Supplied material >>
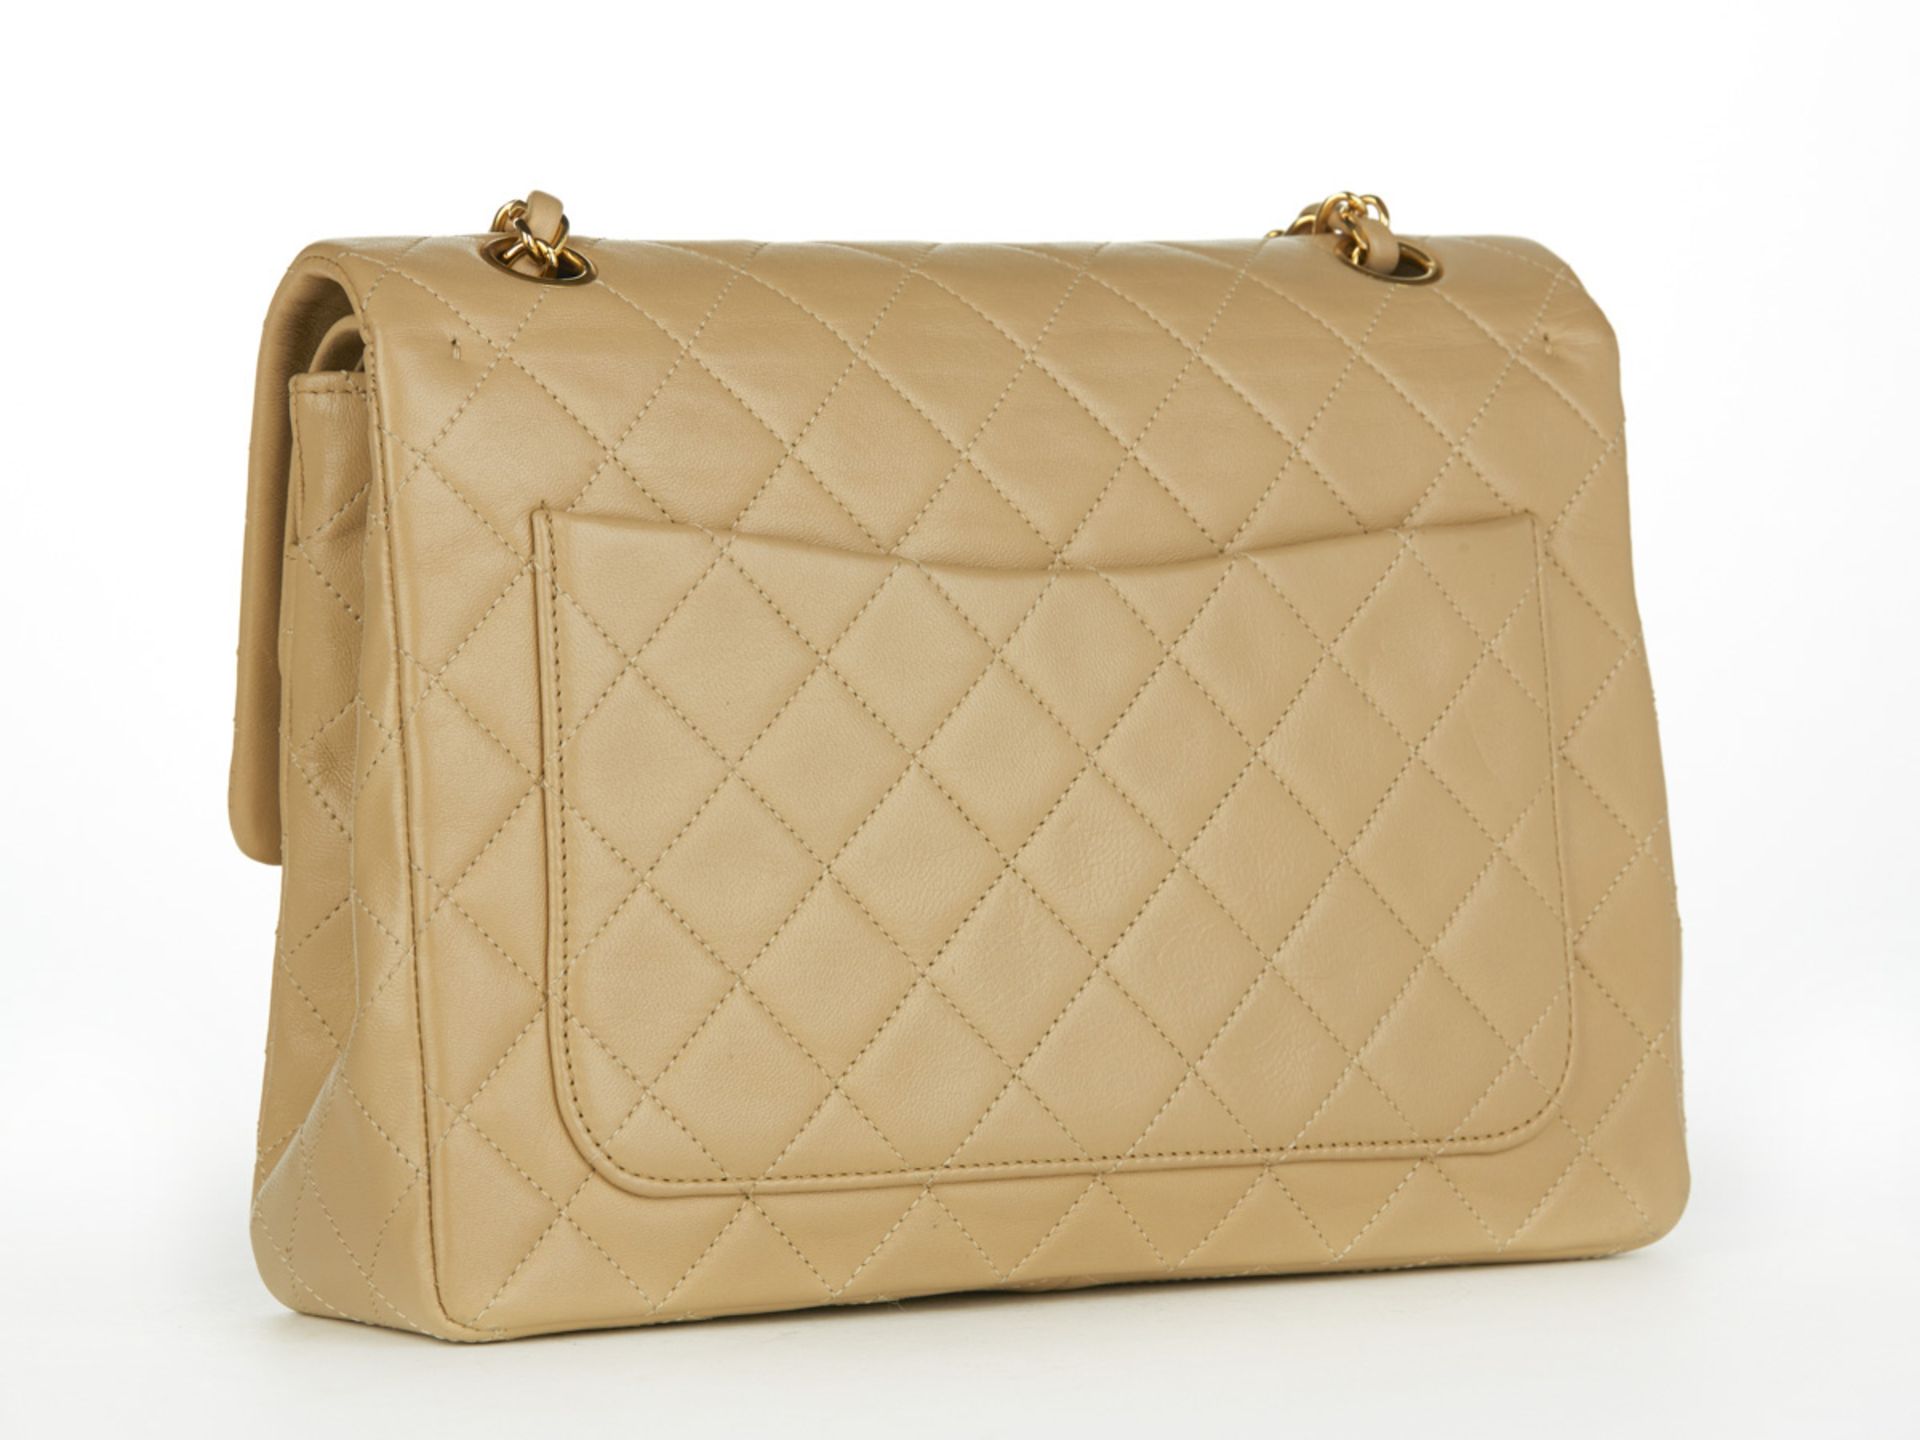 HB097 Chanel - Jumbo Classic Double Flap Bag - Image 3 of 10
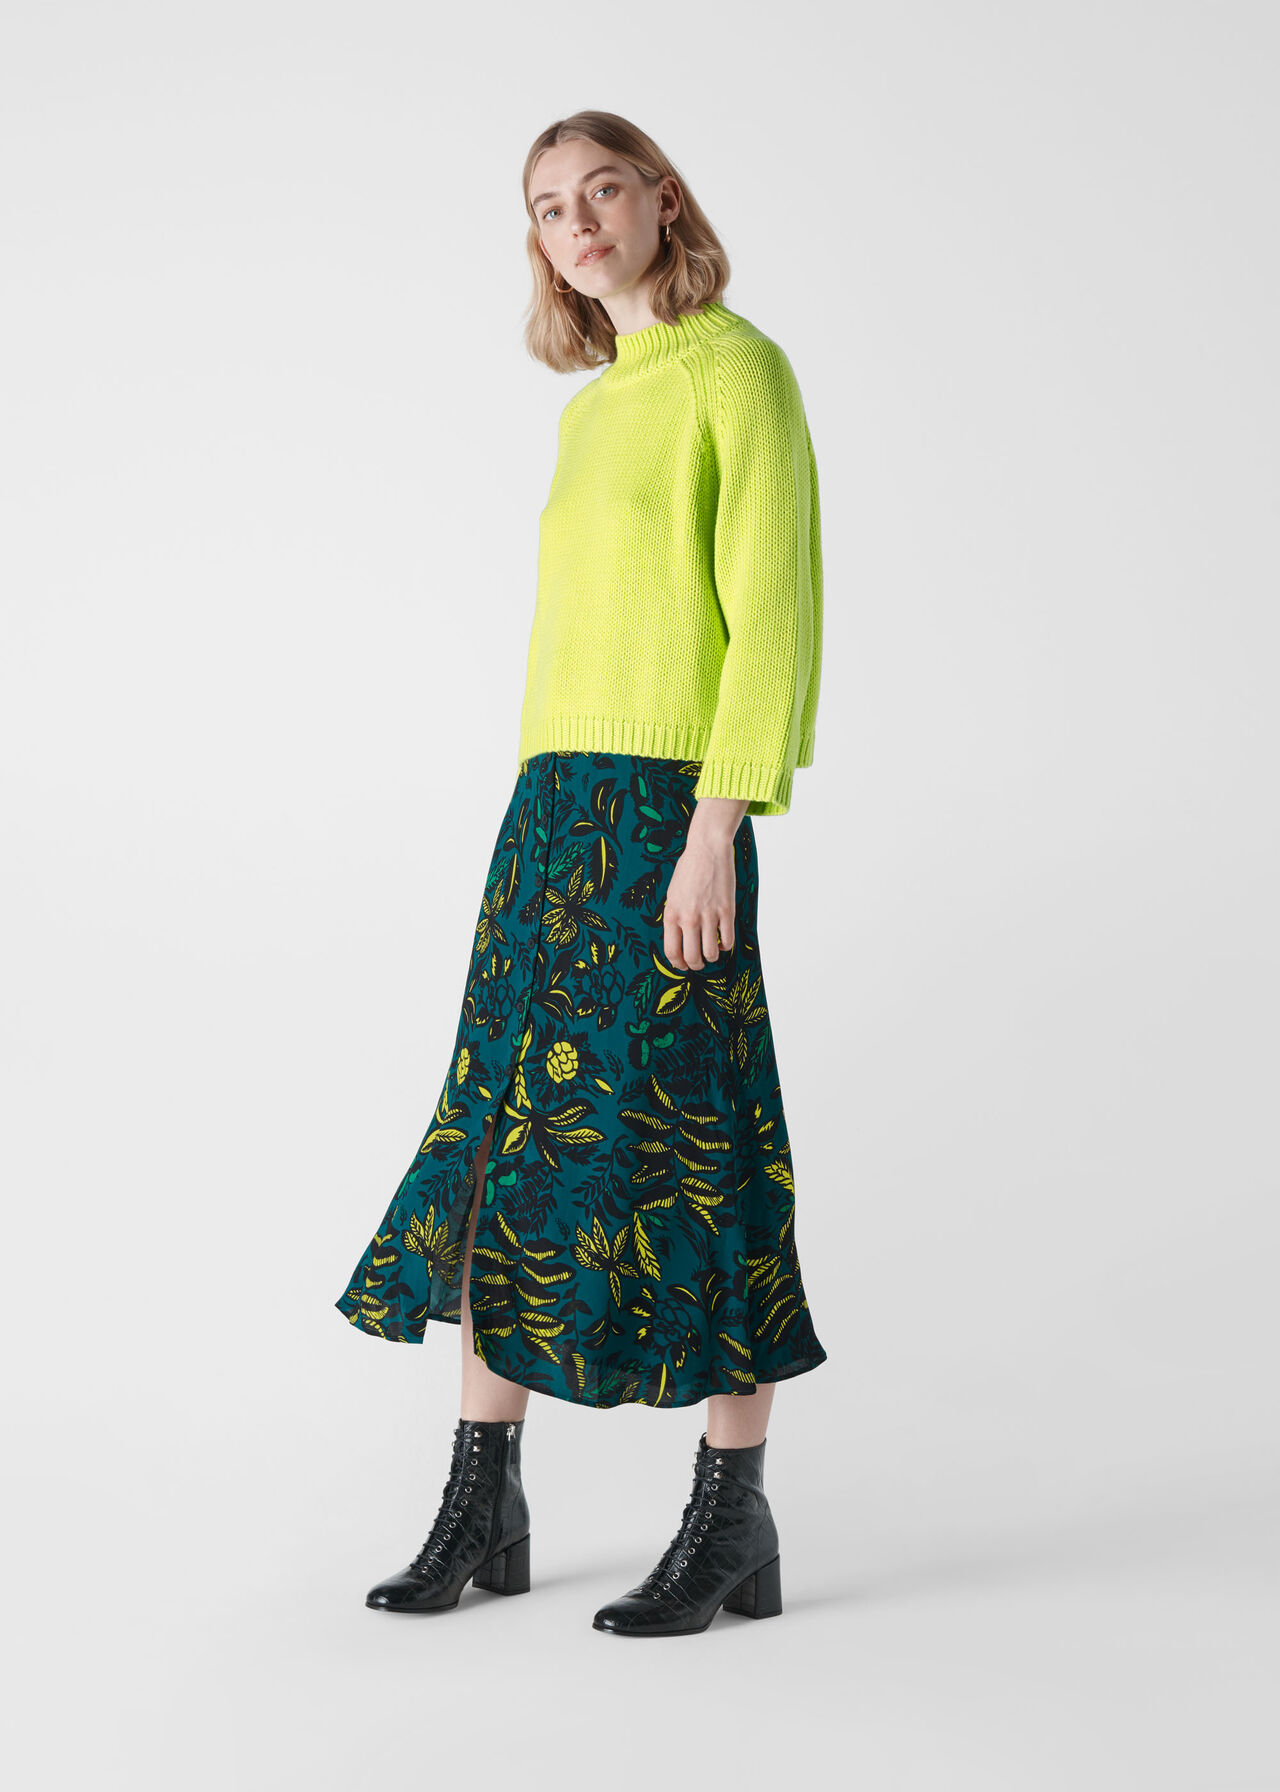 Assorted Leaves Print Skirt Green/Multi
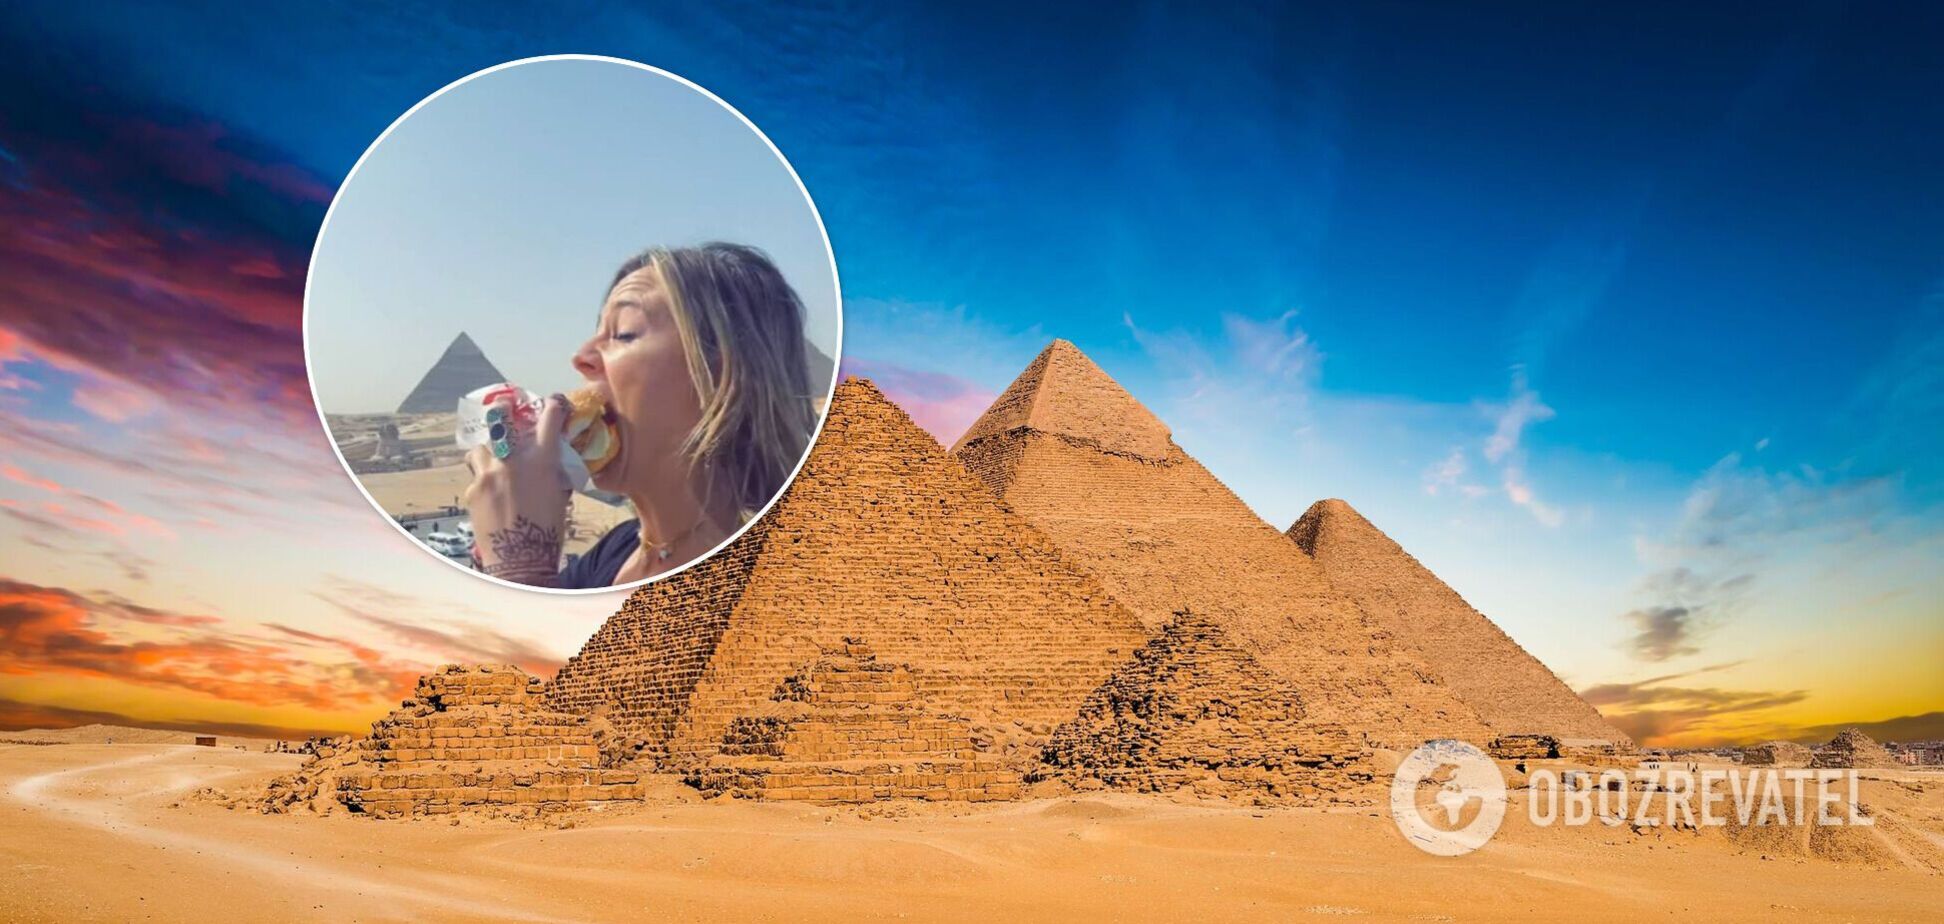 Блогерша подсказала, как сделать идеальное фото на фоне пирамид в Египте

Task >>
Images are to be skipped, and each line above is to be returned exactly.

Task response >>
 HB097 Chanel - Jumbo Classic Double Flap Bag - Image 3 of 10
 Assorted Leaves Print Skirt Green/Multi
 Блогерша подсказала, как сделать идеальное фото на фоне пирамид в Египте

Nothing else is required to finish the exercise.